▶ **Raw data**:
= = =

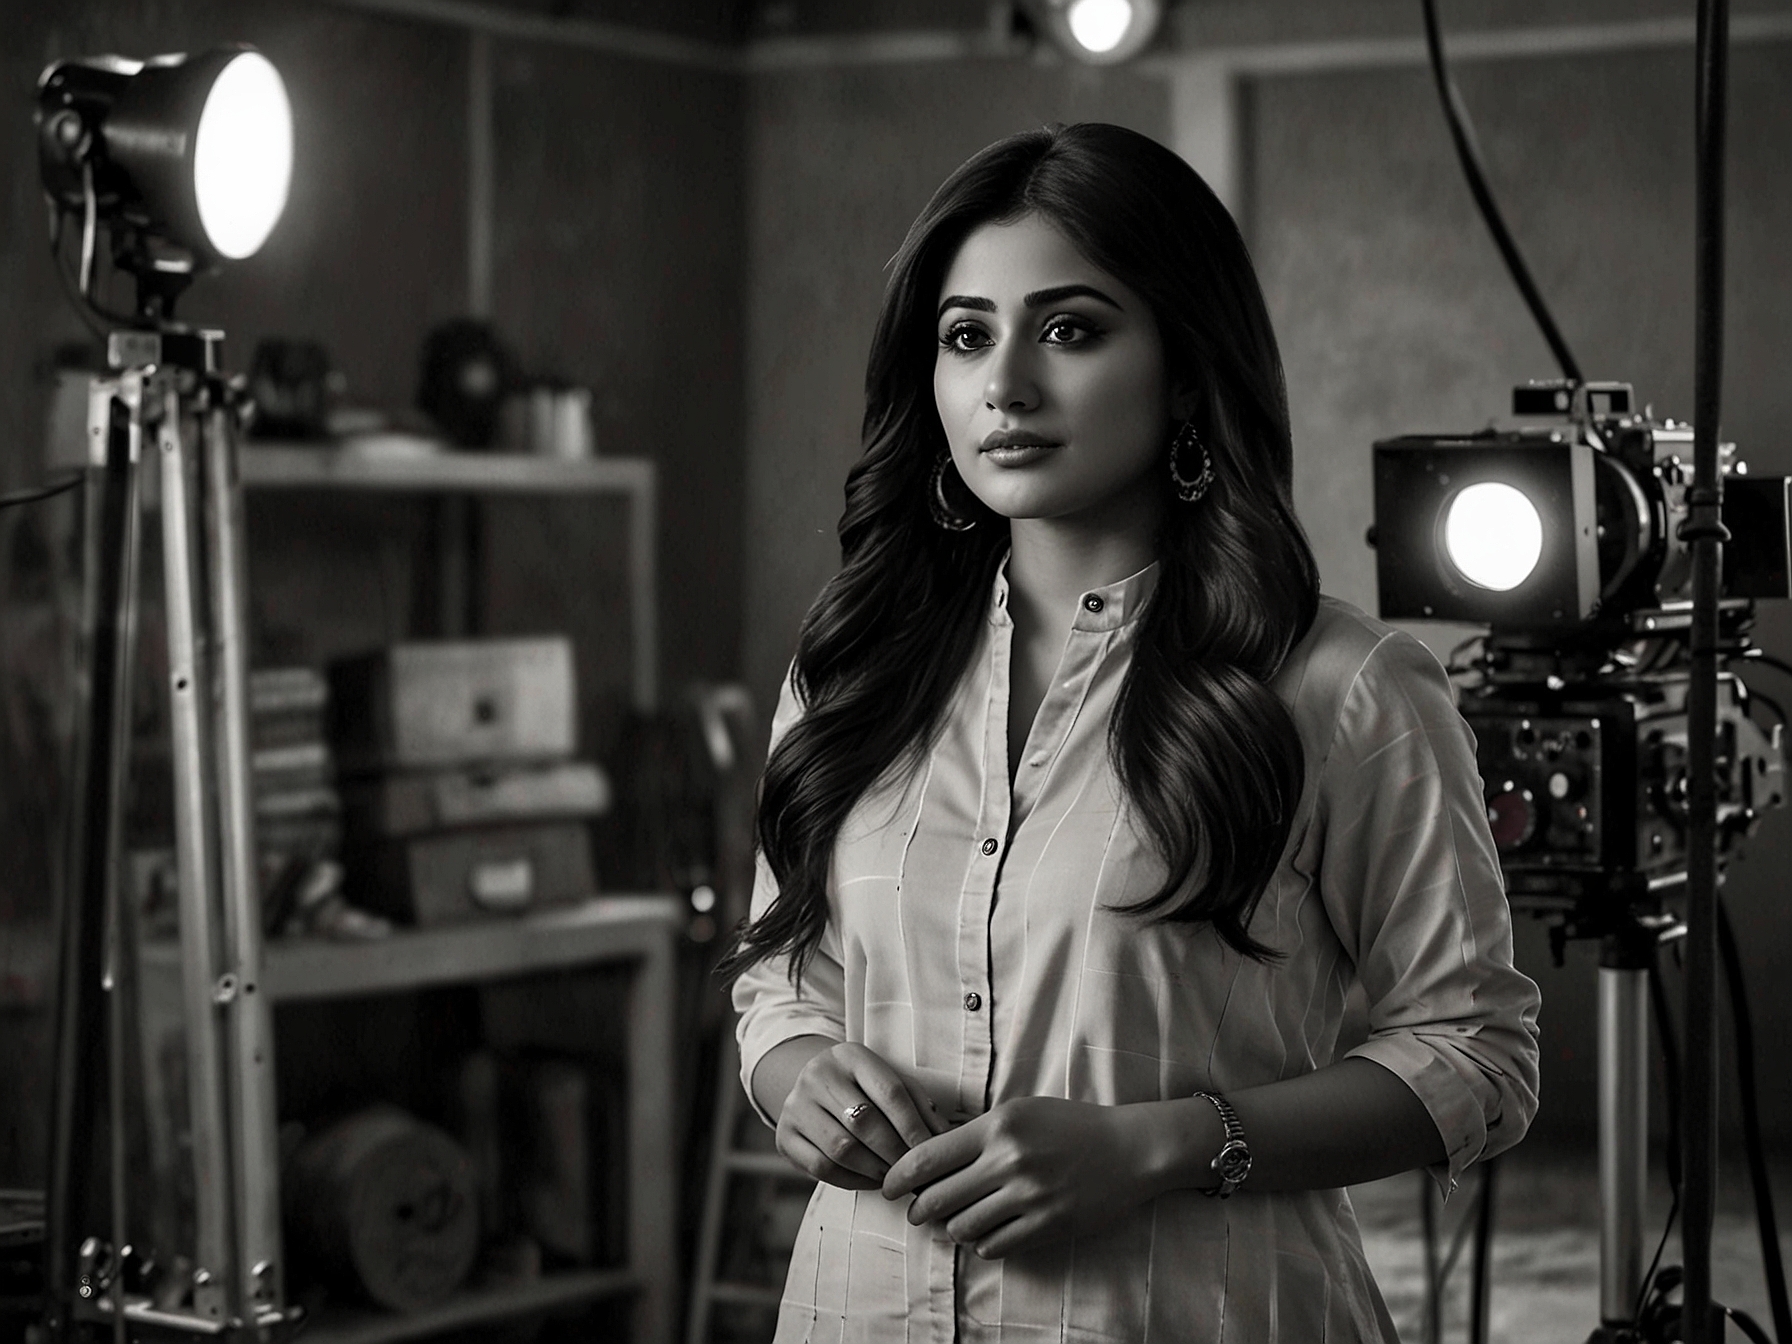 A behind-the-scenes shot of Kritika Kamra in character, ready for a pivotal scene in Matka King, surrounded by the filmmaking crew, showcasing the series' high production values.
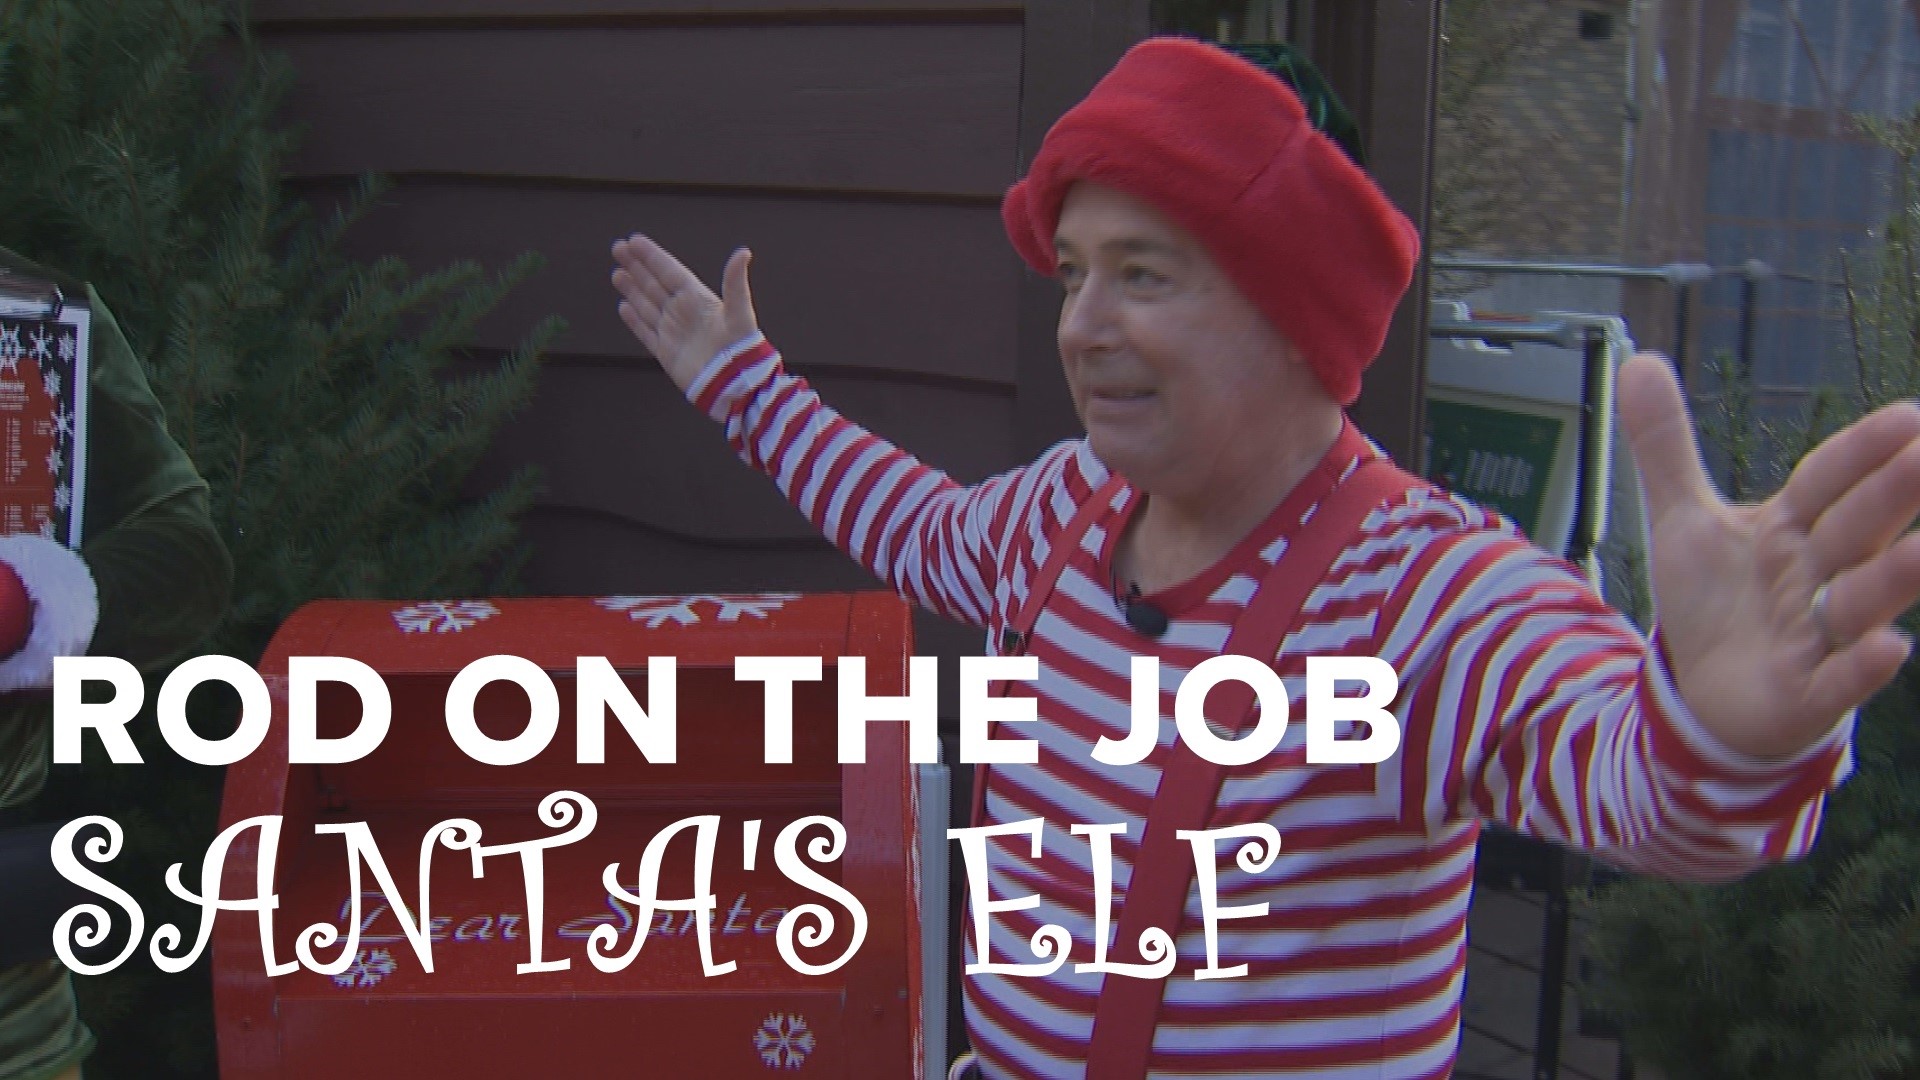 KGW meteorologist Rod Hill took a turn at being an elf for the Santa at Bridgeport Village.
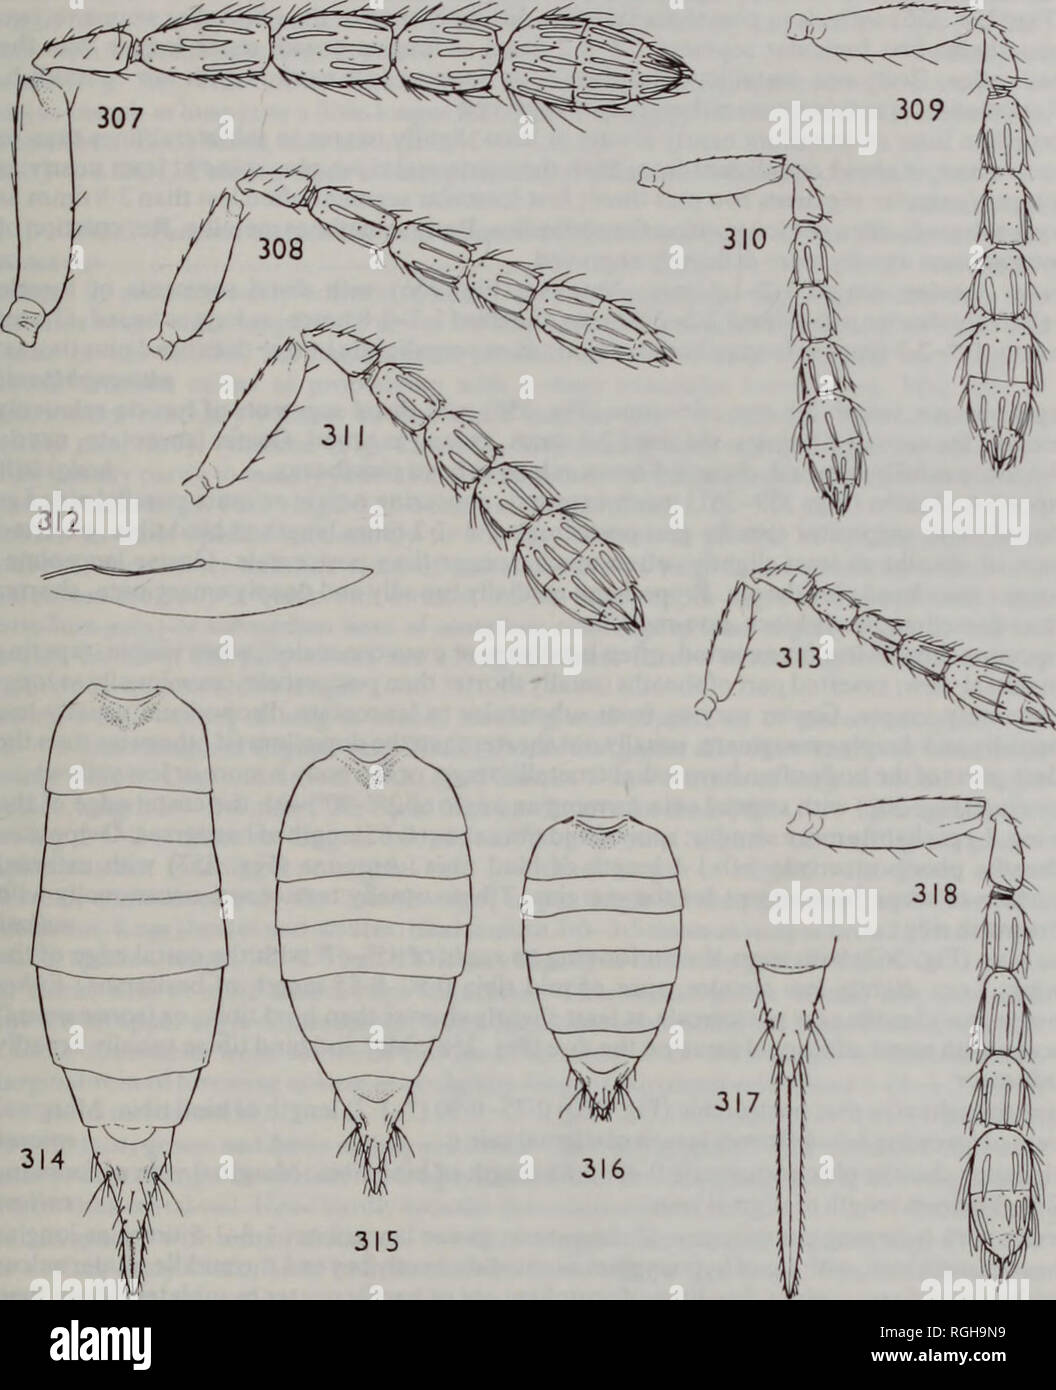 . Bulletin of the British Museum (Natural History) Entomology. THE EUROPEAN TETRASTICHINAE 161. Figs 307-318 307, Aprostocetus (Aprostocetus) westwoodii (Fonscolombe) $, antenna. 308, A. (A.) fonscolombei sp. n. $, antenna. 309, A. (A.) epicharmus (Walker) $, antenna. 310, 311, ,4. (A.)agrus (Walker) $: (310) forma typica, antenna; (311) forma com'/(Erdos), antenna. 312,313,A (A.)gnomus sp. n. $: (312) hindwing; (313) antenna. 314, A. (A.) epicharmus (Walker) 9, gaster. 315, 316, A (A) agrus (Walker) $,gaster: (315) forma com'/(Erdos); (316) forma typica. 317, A. (A.)productussp. n. 9, last te Stock Photo

= = =

▶ **Work required**:
Write the material out again word for word and omit any images.

▶ **Response**:
 A behind-the-scenes shot of Kritika Kamra in character, ready for a pivotal scene in Matka King, surrounded by the filmmaking crew, showcasing the series' high production values.
 KGW meteorologist Rod Hill took a turn at being an elf for the Santa at Bridgeport Village.
 . Bulletin of the British Museum (Natural History) Entomology. THE EUROPEAN TETRASTICHINAE 161. Figs 307-318 307, Aprostocetus (Aprostocetus) westwoodii (Fonscolombe) $, antenna. 308, A. (A.) fonscolombei sp. n. $, antenna. 309, A. (A.) epicharmus (Walker) $, antenna. 310, 311, ,4. (A.)agrus (Walker) $: (310) forma typica, antenna; (311) forma com'/(Erdos), antenna. 312,313,A (A.)gnomus sp. n. $: (312) hindwing; (313) antenna. 314, A. (A.) epicharmus (Walker) 9, gaster. 315, 316, A (A) agrus (Walker) $,gaster: (315) forma com'/(Erdos); (316) forma typica. 317, A. (A.)productussp. n. 9, last te Stock Photo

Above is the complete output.